南烟的放在膝上的双手用力攥紧。

眼泪到底还是落了下来,顷刻便染花了才上的胭脂。

别枝也跟着掉泪,抹了自己的,又擦南烟的,小心翼翼地擦拭,重新再敷上一层。

南烟闭上双眼,长长的羽睫在颤抖,心里在剧烈地动摇。

苏妈妈匆匆归来:“娘子,芬姑姑来了!”

顷刻南烟张开眼,眸色染上了锐意。

也不等通传,芬姑姑便自顾自地进来了,闪电把她的影子拖得格外阴森,格外长。

瞧见江离和丹竹,脸色微变,多看了两眼。

“江公子为何在少夫人房中?这可于礼不合!”

江离斜眸睃去,背挺的笔直板正。

“少夫人晕厥无人延医诊治,别枝姑娘来请,我便为少夫人扎了两针罢了。”

芬姑姑再度变了脸色:“你……你懂医术?”

“久病成医。
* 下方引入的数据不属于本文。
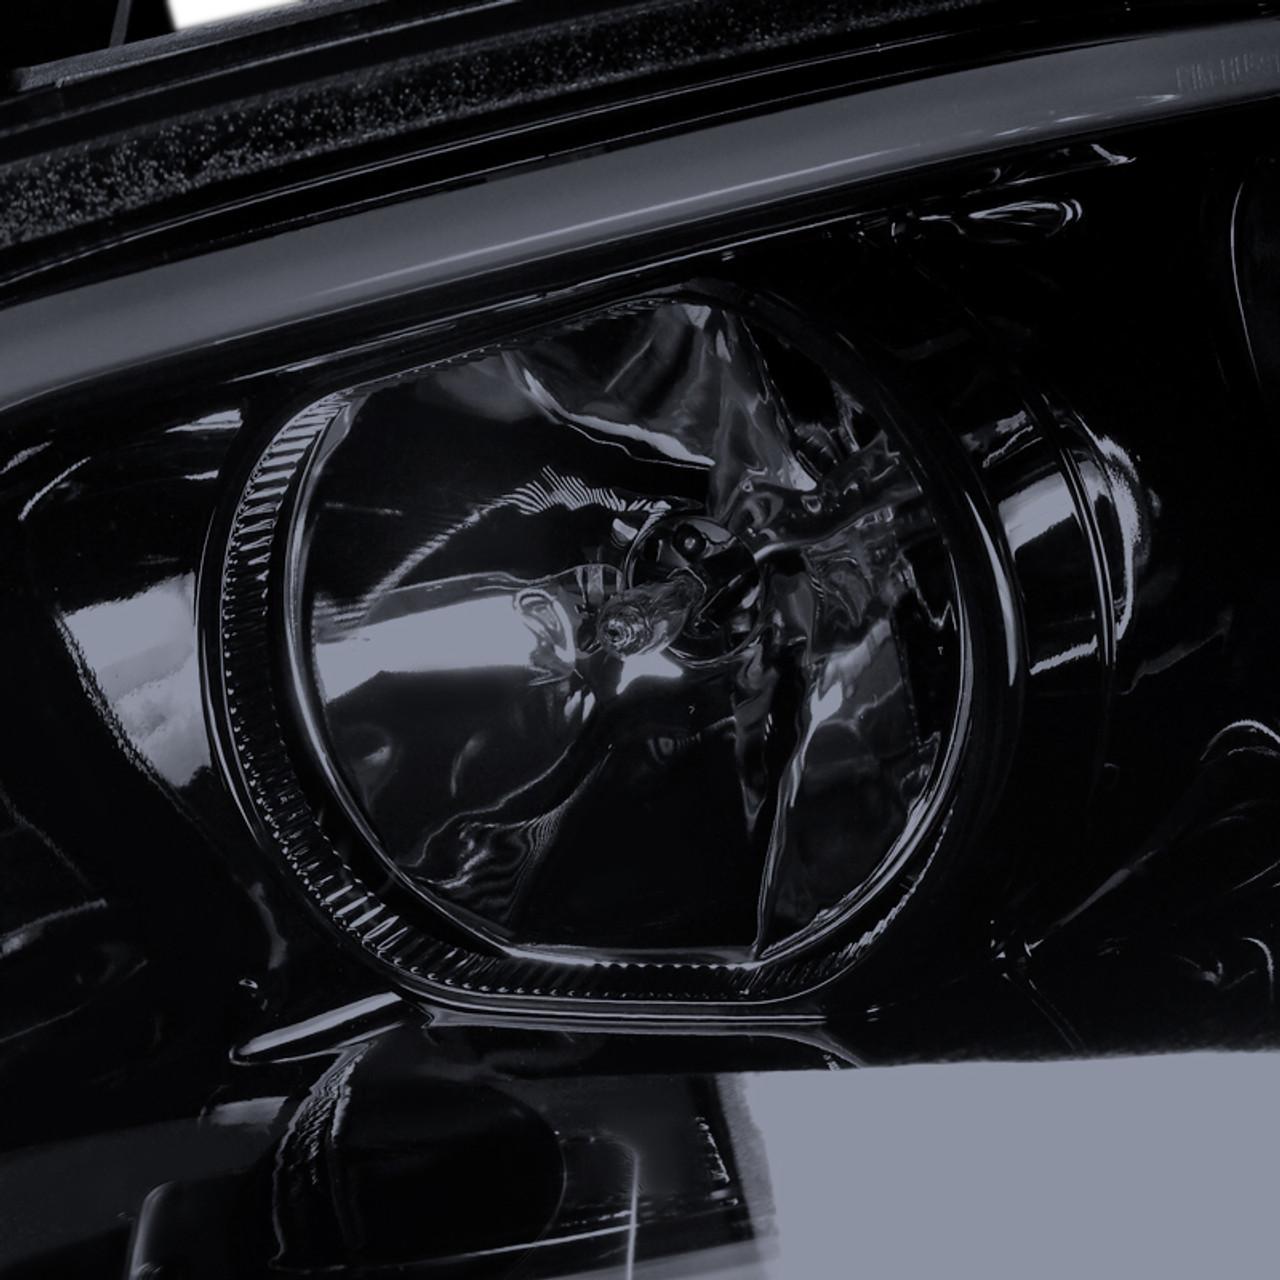 2008 2009 pontiac g8 glossy black housing smoke lens projector headlights w led drl bar h1 bulbs k2 motor 2008 2009 pontiac g8 glossy black housing smoke lens projector headlights w led drl bar h1 bulbs

”

芬姑姑低头不知想了些什么,不再跟江离纠缠,转向南烟。

“少夫人这不是挺好的么?既然醒了,大娘子有请!”

又请?

南烟暗暗掐了掐手心,不动声色:“烦芬姑姑说一声,我即刻便来。”

芬姑姑矮矮身甩了个脸子,临走又多瞧了江离一眼才离开。

别枝和苏妈妈担忧起来。

“娘子,夏青菲的事还没了呢,大娘子和太夫人这是在逼你表态啊!”

“是啊娘子,你可不能松口让夏青菲入门,一旦松了口,她定是要蹬鼻子上脸的!”

别枝为她别上发钗,南烟缓缓起身:“入门?她倒是想!”

苏妈妈和别枝相视一眼,暗暗心惊。